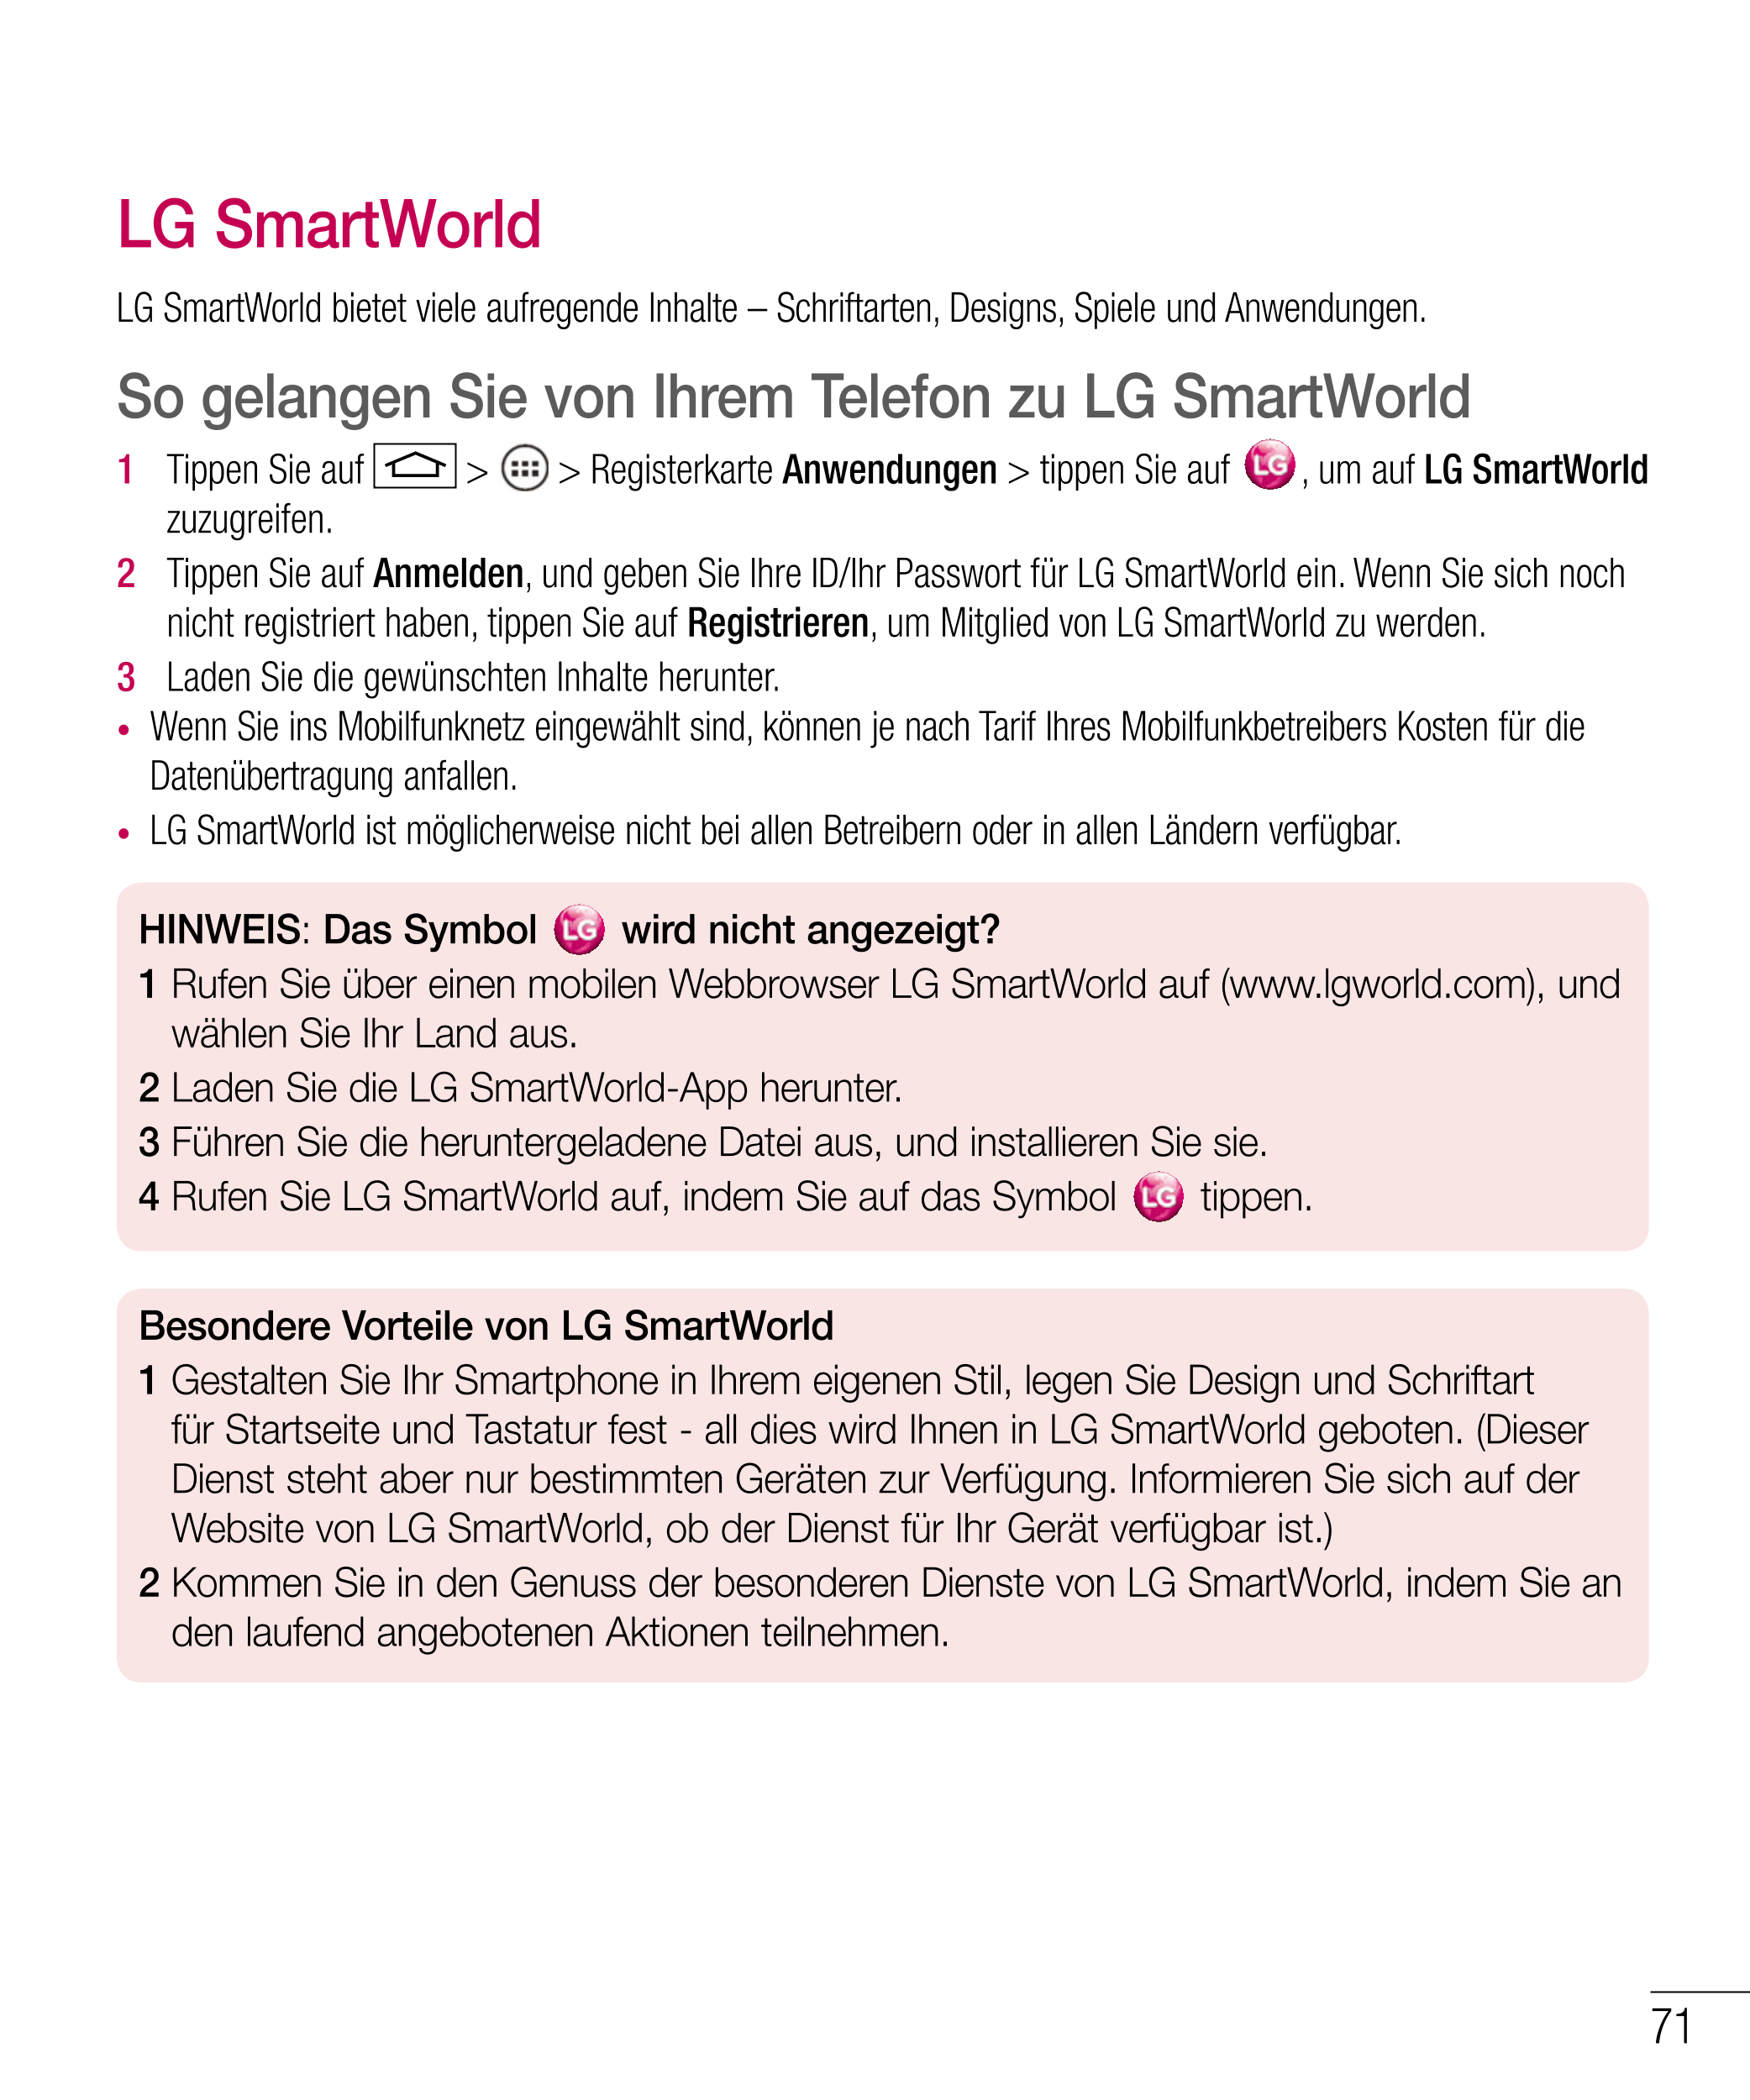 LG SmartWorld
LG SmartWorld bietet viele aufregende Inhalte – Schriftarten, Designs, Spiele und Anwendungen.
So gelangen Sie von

================================

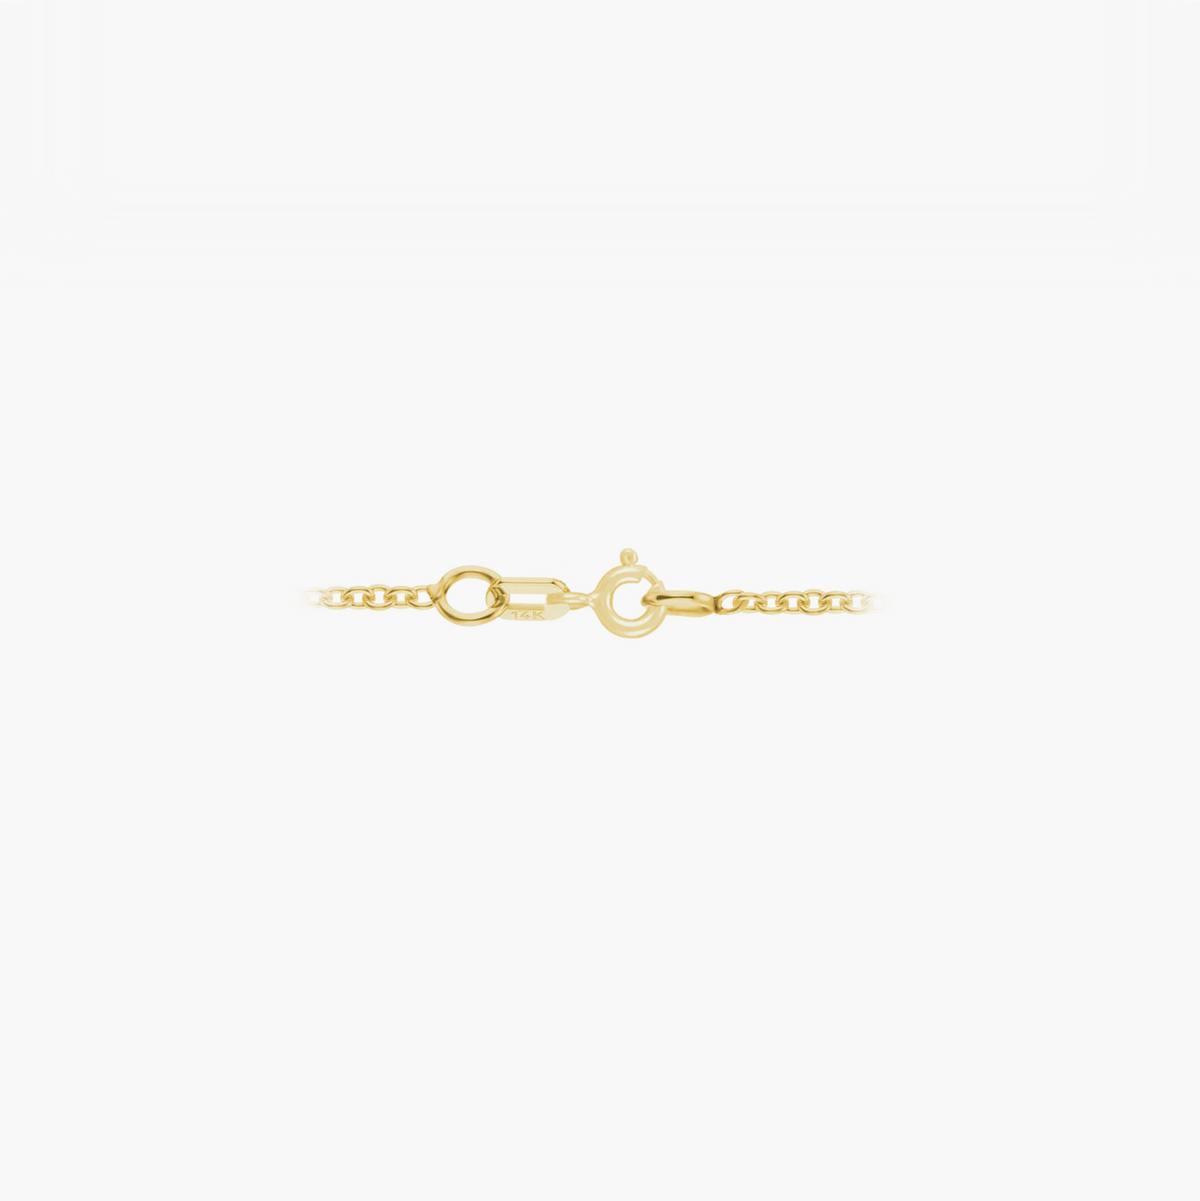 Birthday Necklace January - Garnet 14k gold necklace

================================

WHAT IS REQUIRED ::
Using the data above, extract exactly the lines from the one that holds "LG SmartWorld bietet" to the one that holds "So gelangen Sie von", both ends included, and no others.

EXERCISE RESULT ::
LG SmartWorld bietet viele aufregende Inhalte – Schriftarten, Designs, Spiele und Anwendungen.
So gelangen Sie von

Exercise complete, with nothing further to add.